Response by poster: And, biscotti, it's hard to gauge how much accidental reinforcement I'm doing, as I am hard to rouse. Who knows? Maybe I'm moving my arms/legs/feet in my sleep for hours before she starts getting really vicious enough to wake me. If that's the case, I may have to put her in a kitty crate or close my bedroom door with her outside it when I go to sleep. She doesn't mind the crate (usually it's a signal to the cat that she's going to the vet/something unpleasant, she doesn't seem to be freaked out by that, her behavior at the vet is always stellar) but, as I said, normally she's as docile as can be (right now she's curled up at my feet asleep, she's never far from wherever I am), which is why I let her sleep with me.

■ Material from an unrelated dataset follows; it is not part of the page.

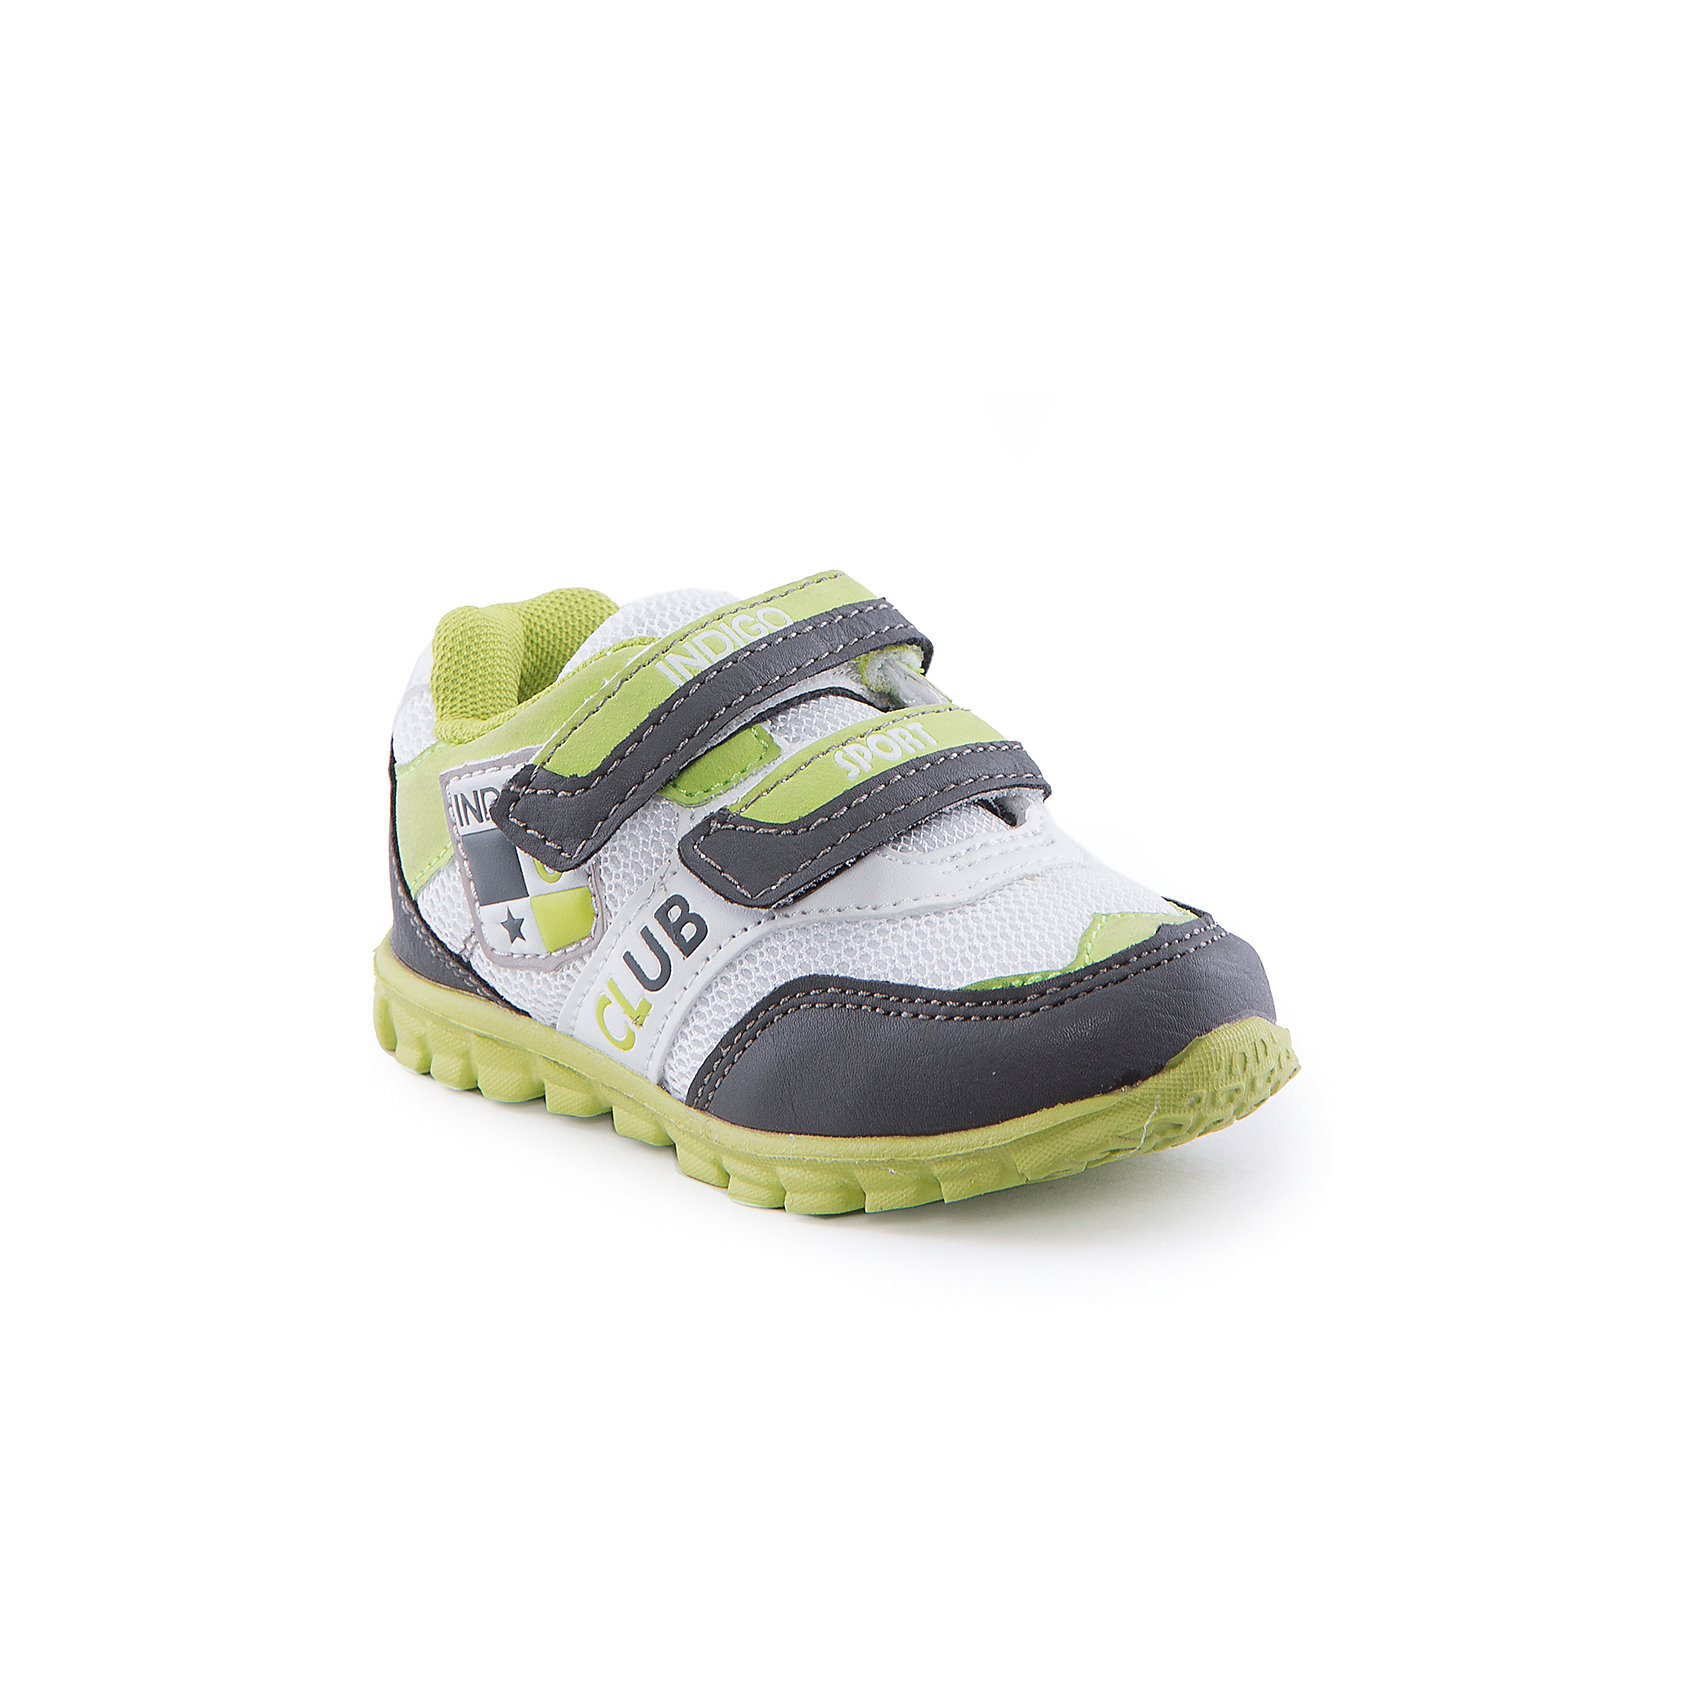 Кроссовки для мальчика Indigo kidsБотинки для мальчика от известного бренда Indigo kids<br><br>Яркие и стильные кроссовки позволяют ножкам ребенка свободно дышать. Они легко надеваются и комфортно садятся по ноге. <br><br>Особенности модели:<br><br>- цвет - салатовый, серый, белый;<br>- стильный дизайн;<br>- удобная колодка;<br>- текстильная подкладка;<br>- украшены яркими вставками;<br>- устойчивая подошва;<br>- дышащая ткань;<br>- застежки: липучки.<br><br>Дополнительная информация:<br><br>Температурный режим:<br>от +10° С до +20° С<br><br>Состав:<br><br>верх – искусственная кожа/текстиль;<br>подкладка - текстиль;<br>подошва - ТЭП.<br><br>Ботинки для мальчика Indigo kids (Индиго Кидс) можно купить в нашем магазине.<br><br>Ширина мм: 262<br>Глубина мм: 176<br>Высота мм: 97<br>Вес г: 427<br>Цвет: серый<br>Возраст от месяцев: 12<br>Возраст до месяцев: 15<br>Пол: Мужской<br>Возраст: Детский<br>Размер: 21,26,22,23,24,25<br>SKU: 4520216

Maybe that was a bad decision to begin with.
posted by WolfDaddy at 4:19 PM on November 1, 2004

Yeah, the best solution might be to not let her sleep with you anymore. I'm surprised nobody else suggested this, as it should be the easiest way to avoid the problem.
posted by kindall at 4:33 PM on November 1, 2004

WolfDaddy, two cats here that I love with abandon; they get to lie in a bit with us at night, but sleep time and the bedroom door closes and that's that. Sometimes there's whining, but we ignore it. We need the peace. As has been said, don't be afraid to shut the door (especially if you introduce a nice kitty bed(s) at the same time).

Livia is a stunner, by the way.
posted by melissa may at 5:14 PM on November 1, 2004

Response by poster: Well, an unexpected solution cropped up. We had a cold snap last week (well, cold for native Texans, I guess, and native Texan kitties, too ... I slept with the windows open and the A/C off for the first time in six months) and Livia pawed at the covers to get under them rather than pawing me. I praised her highly, and she immediately learned that getting under the toasty covers with me for an extra hour and a half is worth a grumbling tummy.